The ability to recruit the unique properties of a variety of photosensitive proteins has helped design optical tools to modulate signaling activity in a single cell with spatial and temporal precision. The challenges ahead are in overcoming some of the limitations of existent approaches. This includes the ability to quantitatively image the molecular and cellular responses to stimulation by optogenetic tools which at present is constrained by spectral overlap. A potential avenue towards surmounting this is to utilize the properties of additional light sensitive proteins and by developing more innovative strategies for optical control. This can be achieved by identifying novel light sensitive proteins with useful properties such as a collection of algal phytochromes that sense light optimally at wavelengths that span the entire visual spectrum ⁶⁵. It can also be done by finding appropriate applications for existing protein systems in which conformational changes and protein-protein interactions have been shown to be light driven (e.g., ^66-68).

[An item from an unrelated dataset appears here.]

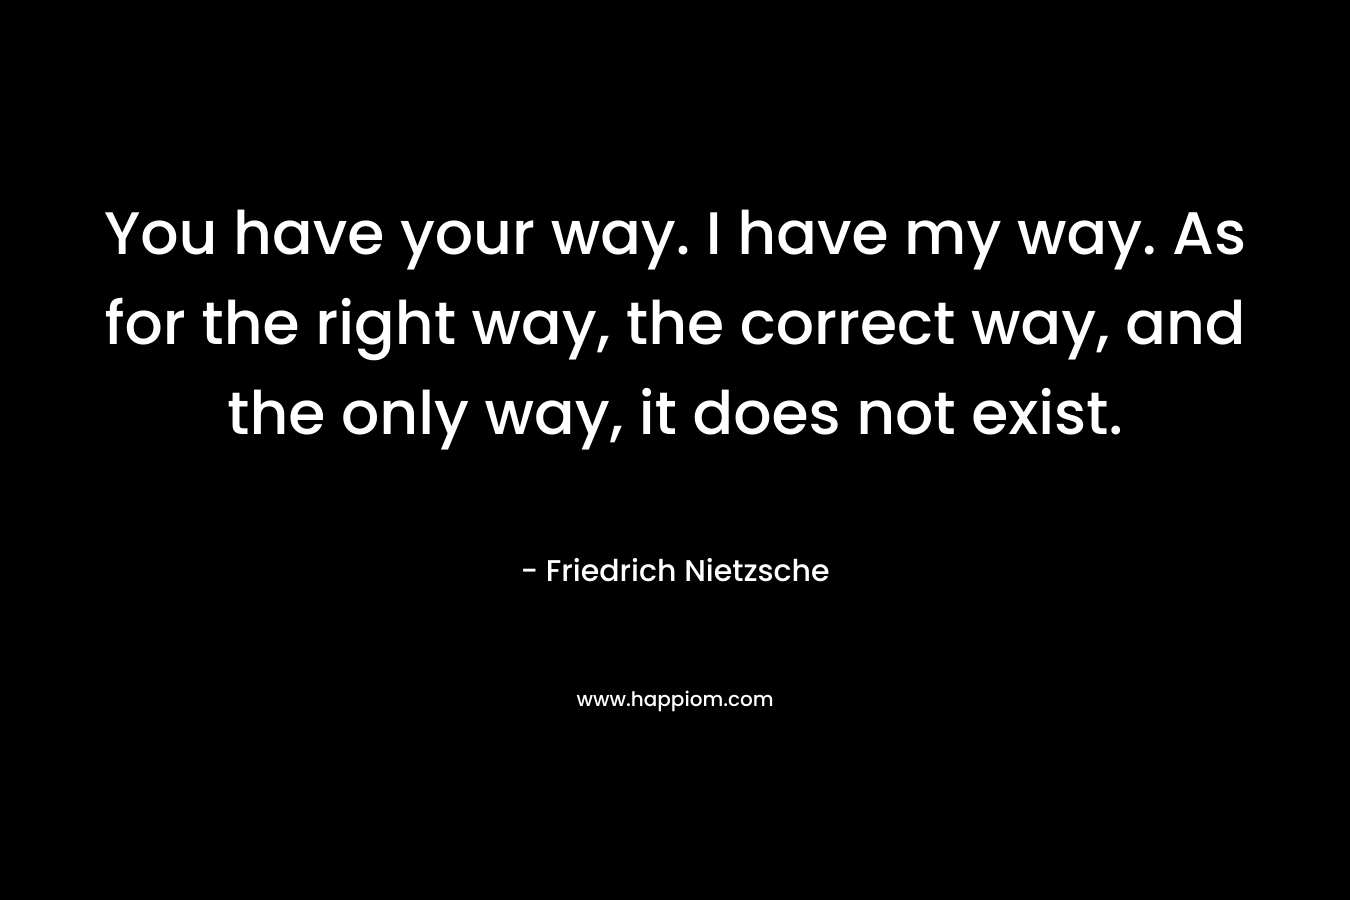 You have your way. I have my way. As for the right way, the correct way, and the only way, it does not exist. – Friedrich Nietzsche

Among the most important challenges is to apply these optogenetic tools to whole animals to address long standing basic questions with regard to development, differentiation and tissue physiology. The ability to shine light on a single cell and achieve subcellular control can be translated to individual cells within a population and can be useful for studying cell-cell communication. For example, activating ERK in single cells lead to propagation of ERK activity pulses in neighboring cells ⁶⁹. Optical control can be used to direct cell migration during morphogenesis or extend neurites in predetermined directions. The long term goal should be to apply these tools towards light driven therapeutic intervention.